To remedy this problem, CNY Fair Housing recommends offering incentives to developers that build accessible units at all cost ranges; creating a state tax credit to encourage private development of single-family homes to meet accessibility standards; and educating landlords and housing developers on the importance of creating accessible housing. It would also be beneficial to create tenant protections for people with disabilities so they would be able to vacate their lease if they required more accessible housing.
— CNY Fair Housing Report
Renters spend too much on housing
There is a substantial unmet need for additional quality affordable rental housing in the city of Syracuse and Onondaga County. Some 51 percent of renters face housing cost burden, which means more than 30 percent of their monthly income goes toward housing costs. Between 2010 and 2012, 25.8 percent of homeowners with a mortgage had a housing cost burden, compared to 51 percent of renters.
Though the county has made a concerted effort to offer more quality affordable rental housing, its efforts have still fallen short in some areas. The county has not committed to providing assistance to improve rental-housing options for households that are not special needs. Though housing costs are generally greater outside the city, residents in the city are more likely to have a housing cost burden. Individuals in extreme poverty often have trouble finding quality housing. Those who use Section 8 receive a voucher, but they tend to have difficulty in finding landlords who will accept Section 8.
— CNY Fair Housing Report
In Rochester, The Mills serves as the general partner, the property developer and the manager. The units are under hands-on watch by the organization itself. The funding for the all-new project initiated by the ULR came mostly in the form of tax-exempt bonds acquired by the organization and four percent in the form of tax credits from the city of Rochester.
According to Vitale, the success of a tax-credit project such as The Mills in Rochester is indicative of the closeness of the developer and management, who combined have much invested in the development.
“You have to put your skin in the game when you develop projects like this,” Vitale said.
That is not exactly how Driscoll determines the success or failure of a mixed market project in a city such as Syracuse. “It serves as a function of our economy,” Driscoll said. “The difference between market and affordable rates in a place like Syracuse is not as stark as it would be in other cities, making it harder to fund the affordable aspect of it.”
Sarah Walton, meanwhile, is one who appreciates the concept, even under circumstances where she is unaware of it.

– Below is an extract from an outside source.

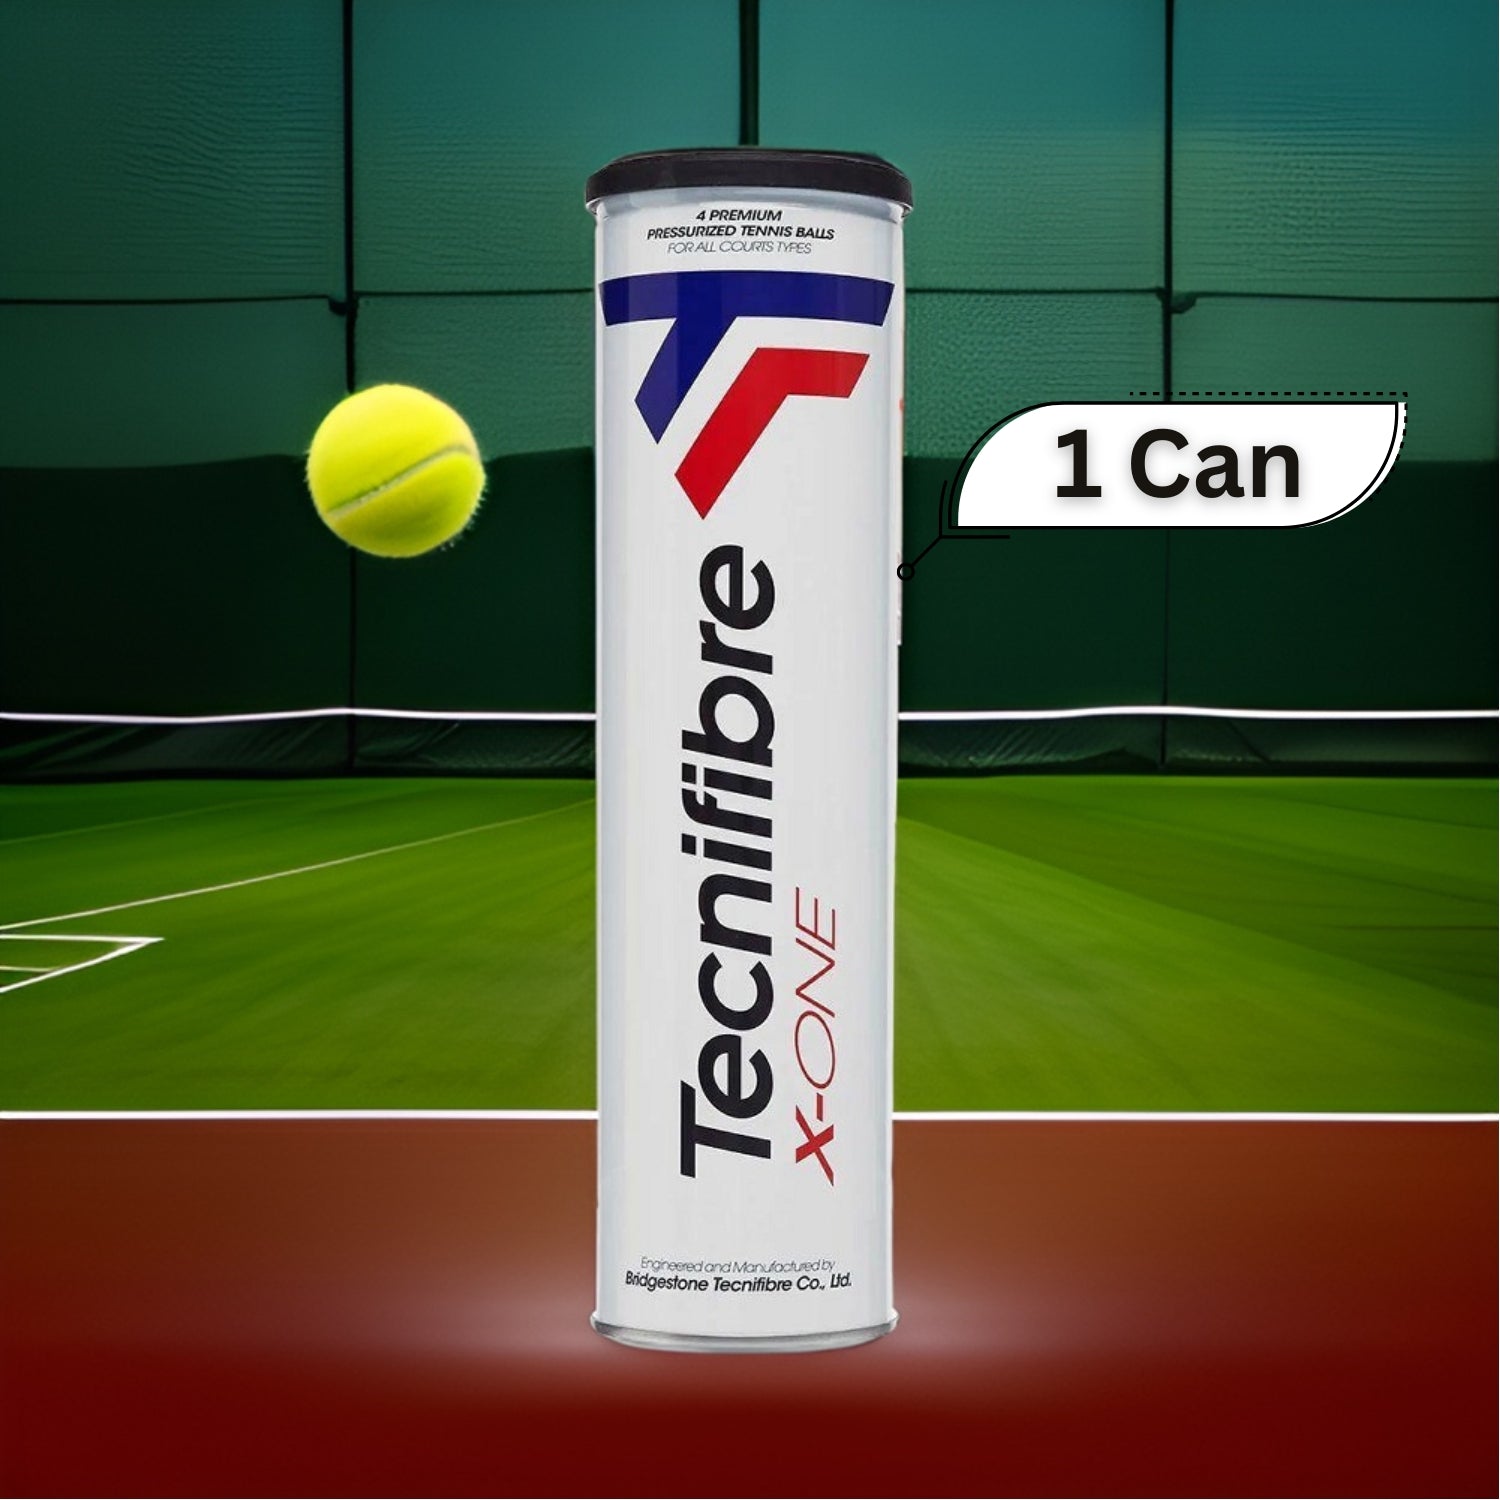 Tecnifibre X-One Tennis Balls Can (1 Can) - Best Price online Prokicksports.com

She’s the director of operations at the Syracuse Northeast Community Center, which serves an area of the city that includes many immigrants and refugees. She attended Syracuse University and decided to stay in town after graduating.
She said she holds closely the importance of living among a diverse group — even though, ironically, she did not even know she was living in a complex intended to foster just that until a reporter told her.
“I truly believe that the quality of life improves when you have different people, from all walks of life, mixed together,” Walton said.